# compound miter



## NittanyNation (Apr 26, 2012)

hey guys question about compound miter cuts. i am installing chair rail throughout a hosue, client wants chair rail on every wall. my question is when coming down the stairs how do i then make a miter to run horiztal. the chair rail on the stair wall will be at 42 degrees, and i want to make a 90 degree turn and run chair horiztal through the foire. what angles should i be cutting, also how did you come up with the angles to cut, if it is even possible. thanks for everyones help.


----------



## cabinetman (Jul 5, 2007)

This thread may be of some help:
http://www.woodworkingtalk.com/f17/panel-molding-help-18070/









 







.


----------



## imdskydiver (Apr 26, 2012)

21 degrees.


----------



## jlord (Feb 1, 2010)

Cut it laying flat on the saw & not up against the fence like your other miters.


----------



## NittanyNation (Apr 26, 2012)

cabinetman said:


> This thread may be of some help:
> http://www.woodworkingtalk.com/f17/panel-molding-help-18070/
> 
> 
> ...


 ok, i checked the link and if i understood correctly. i run my chair rail down the stair wall at 42 degrees mitering it so that it will end perpendicular to the corner then miter the corner as usual.
so it will be a 3 piece installation (1. stair wall 2. short piece perpendicular to corner 3. normal chair rail into foire)

thanks for everyones help


----------



## cabinetman (Jul 5, 2007)

You can do simple joints for transitional angles without determining the angle.
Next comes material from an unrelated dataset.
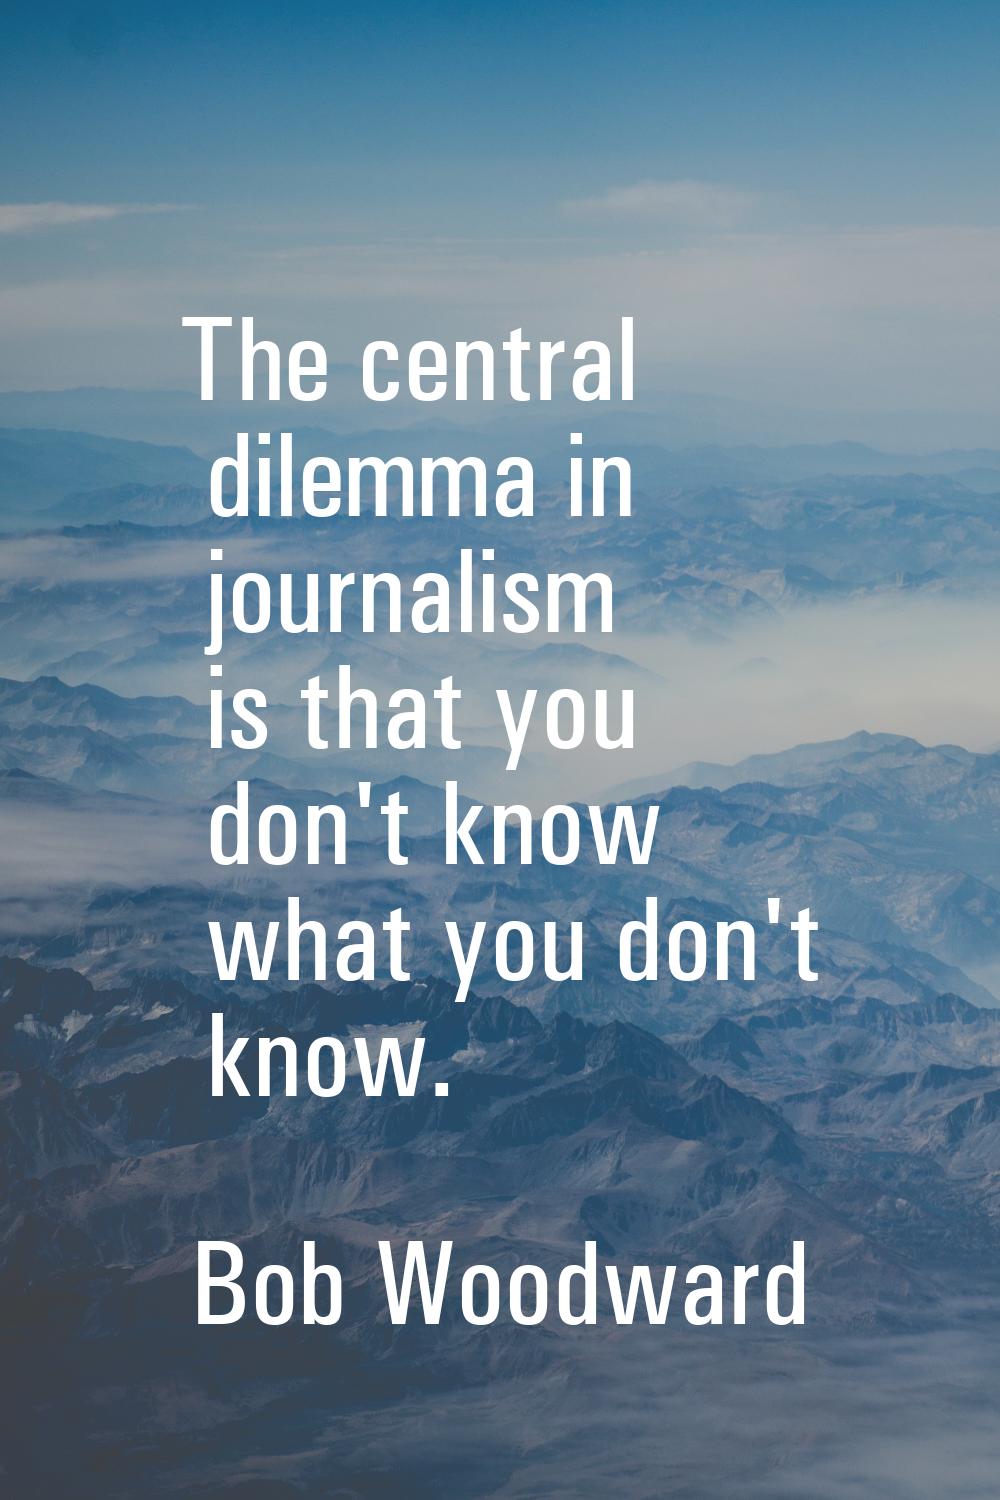 The central dilemma in journalism is that you don't know what you don't know.
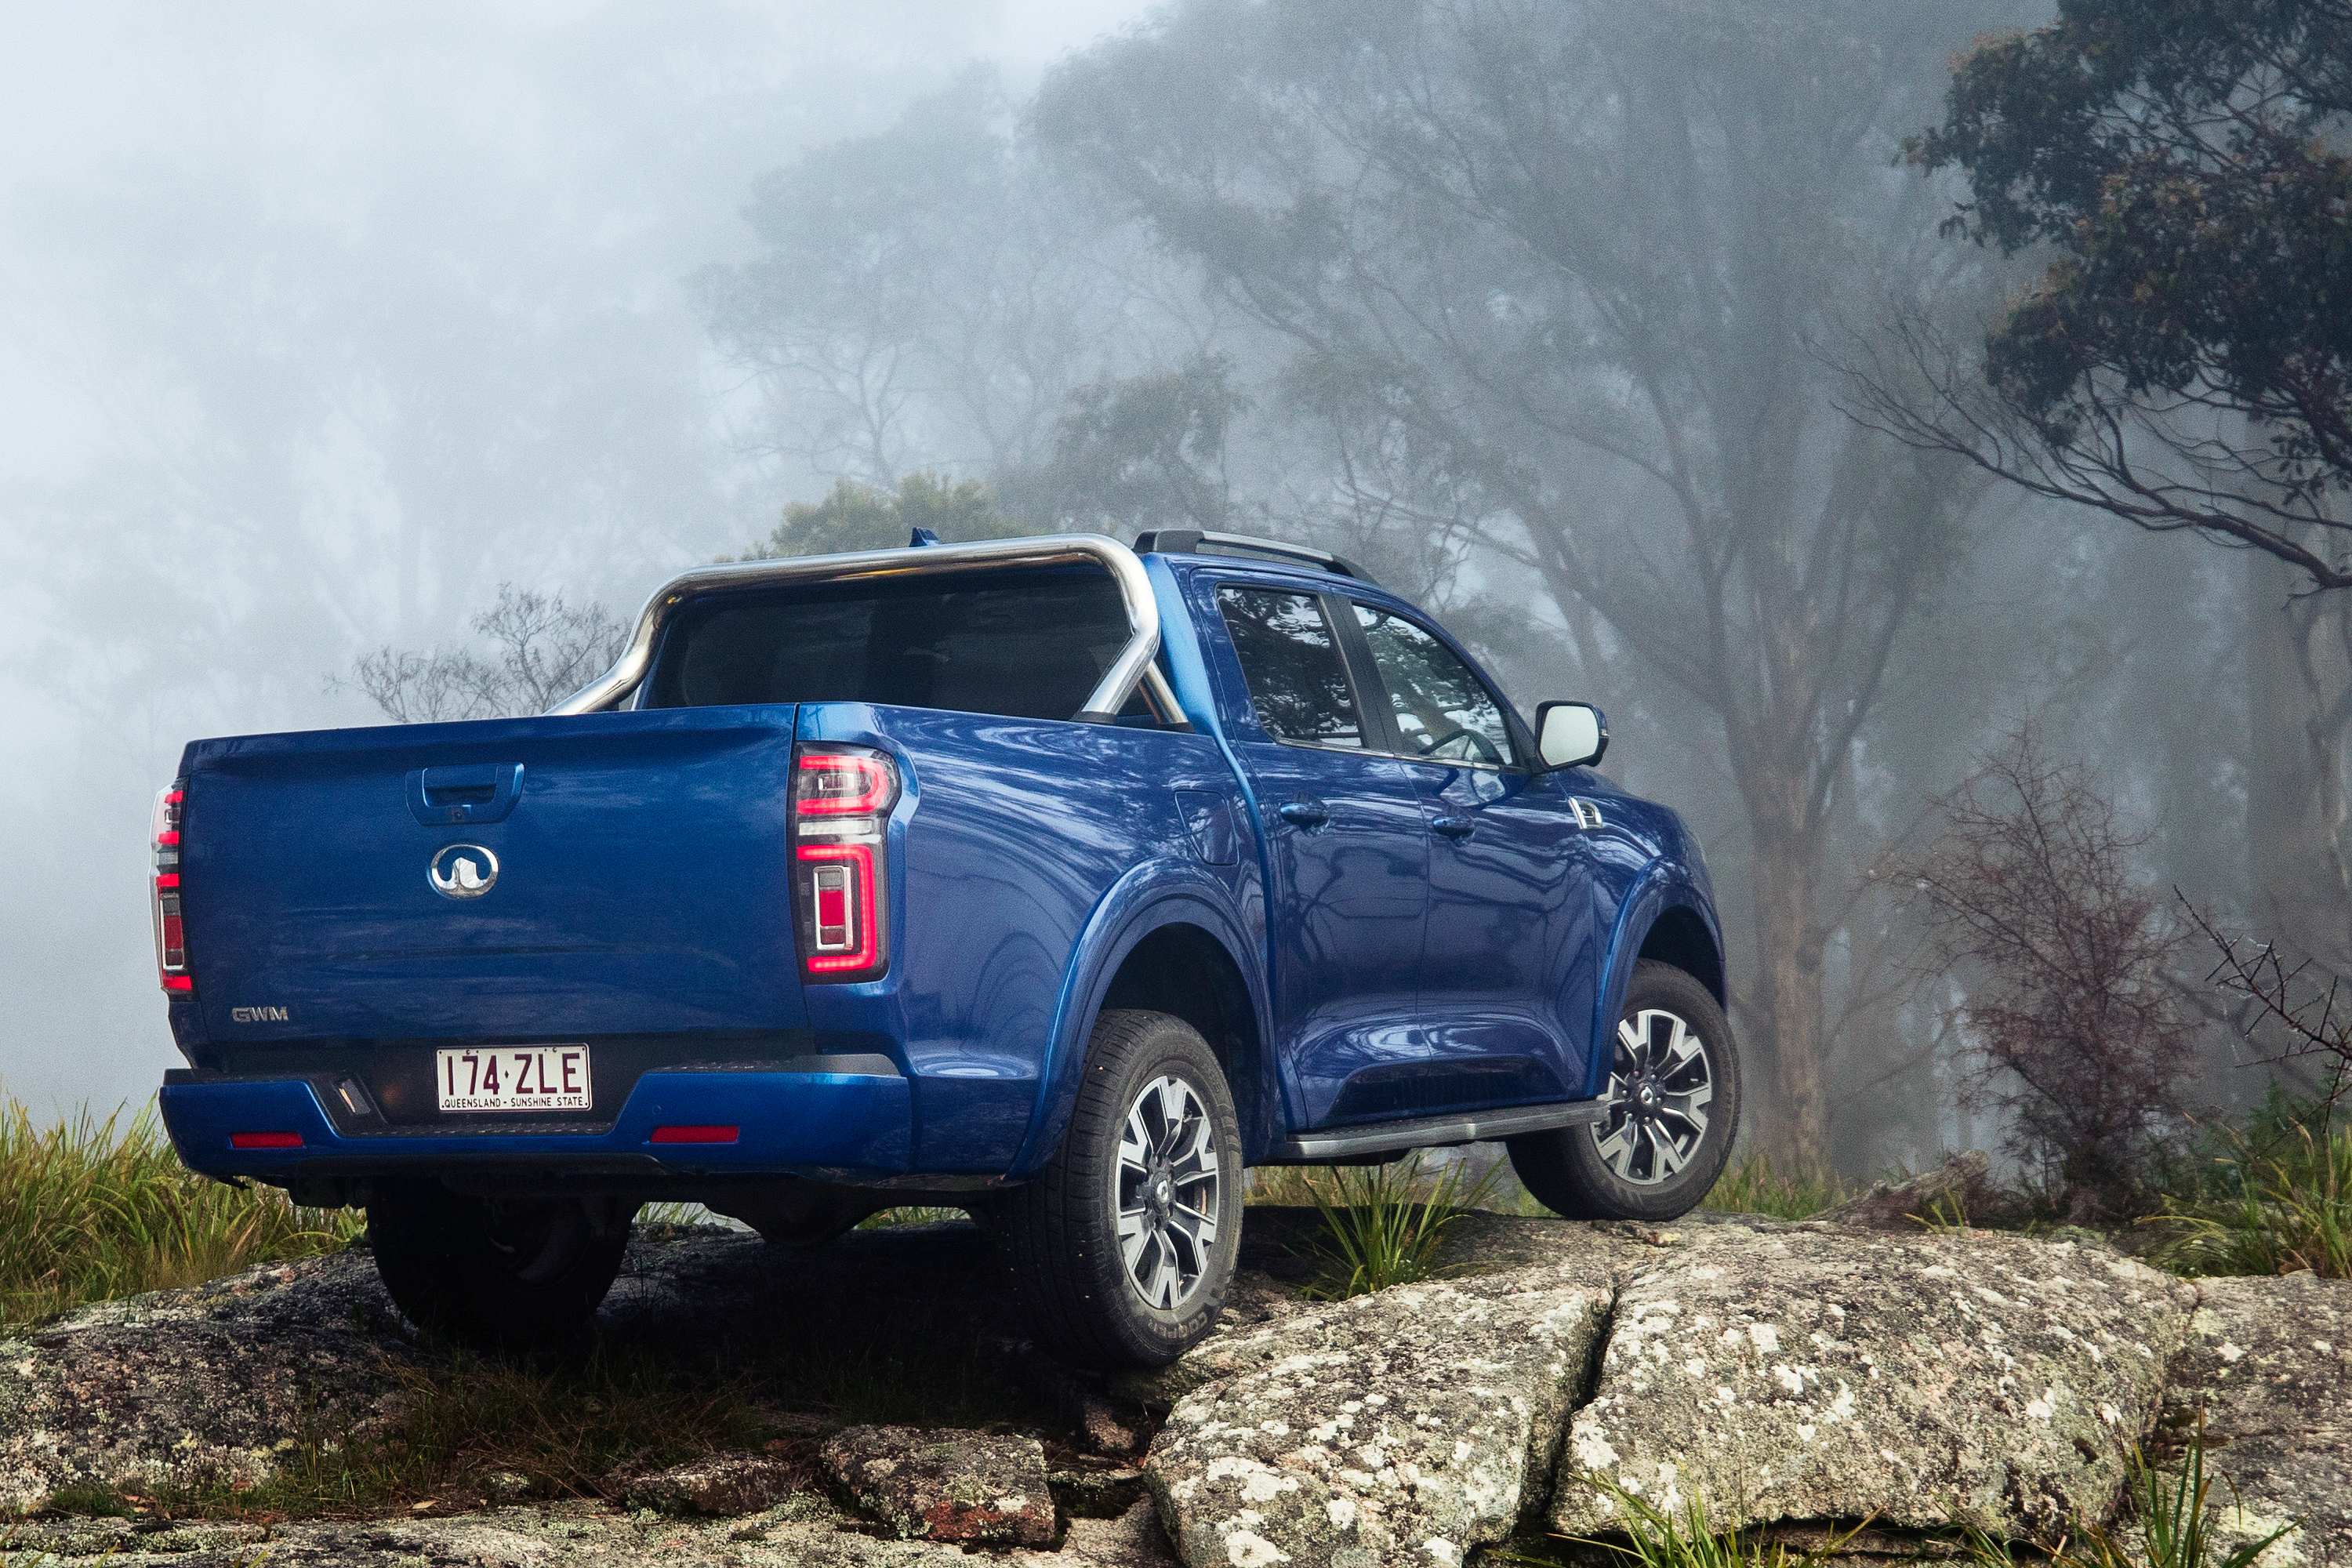 GWM Ute, newly designed and engineered from the ground-up.

From the link I gave you, post #8..._Back in the stone age before fancy SCMS's and CMS's, on the job there may have been a wood miter box if I was lucky. I remember doing similar figuring and cuts but more simply by just laying out the pieces and drawing a bisecting line for the cut. Then have a go at it with a backsaw._

The idea is to lay the two pieces the way they go, and strike a line to incorporate the width of the pieces, and cut.










 







.


----------



## imdskydiver (Apr 26, 2012)

I would use a construction calculator if I were you. Enter rise , then run ,push the diagonal button , it will give you the length of the rake. Level angle and vertical angle. $20.00 for your iPhone. If you are trying to put chair rail down the stairs and turn directly into a 90* angle you will never get the miters to match up. You need to transition to a level cut first. In that case a 21* angle. Hopefully I am not completely missing your point.


----------



## firehawkmph (Apr 26, 2008)

I do like Cabbie mentioned. Layout each piece one at a time on the wall. Draw a pencil line on top and bottom edge. Connect the dots at the intersection and transfer angle over to saw using a protractor. Keep it simple, no batteries needed.:laughing: 
Mike Hawkins


----------



## Hammer1 (Aug 1, 2010)

It's a lot easier to return level around the corner a short distance then cut an angle to match the slope of the stair.


----------



## NittanyNation (Apr 26, 2012)

alright guys i got, thanks for everyones input. just not sure how pleasing to the eye it will be having chair rail at different heights on walls, they are interupted by a doorway at bottom of stairs. if i level last part on the stair wall in will be about 4 inches higher than other side of doorway. not really thrilled about that.


----------



## imdskydiver (Apr 26, 2012)

You could always cut the chair rail short of the corner and miter it straight down before transitioning it to a level cut at the same height as the rest of your chair rail.


----------



## Hammer1 (Aug 1, 2010)

You can't make an angle cut match with a 90 degree cut by using a compound cut. The length of the angle will be longer than a 90 degree cut whether that is a 45 or not. The profiles won't match up. Angles need to be bisected in order to match. Using a transition is the only practical way to make your moldings come out even. You can use a transition on both ends, similar to this picture of window trim.


----------



## BWSmith (Aug 24, 2010)

Hammer's "length of angle"...is an extremely important concept to study and fully understand.Its not just about trim and moulds.It is used in lay-out work on alot of things.BW


----------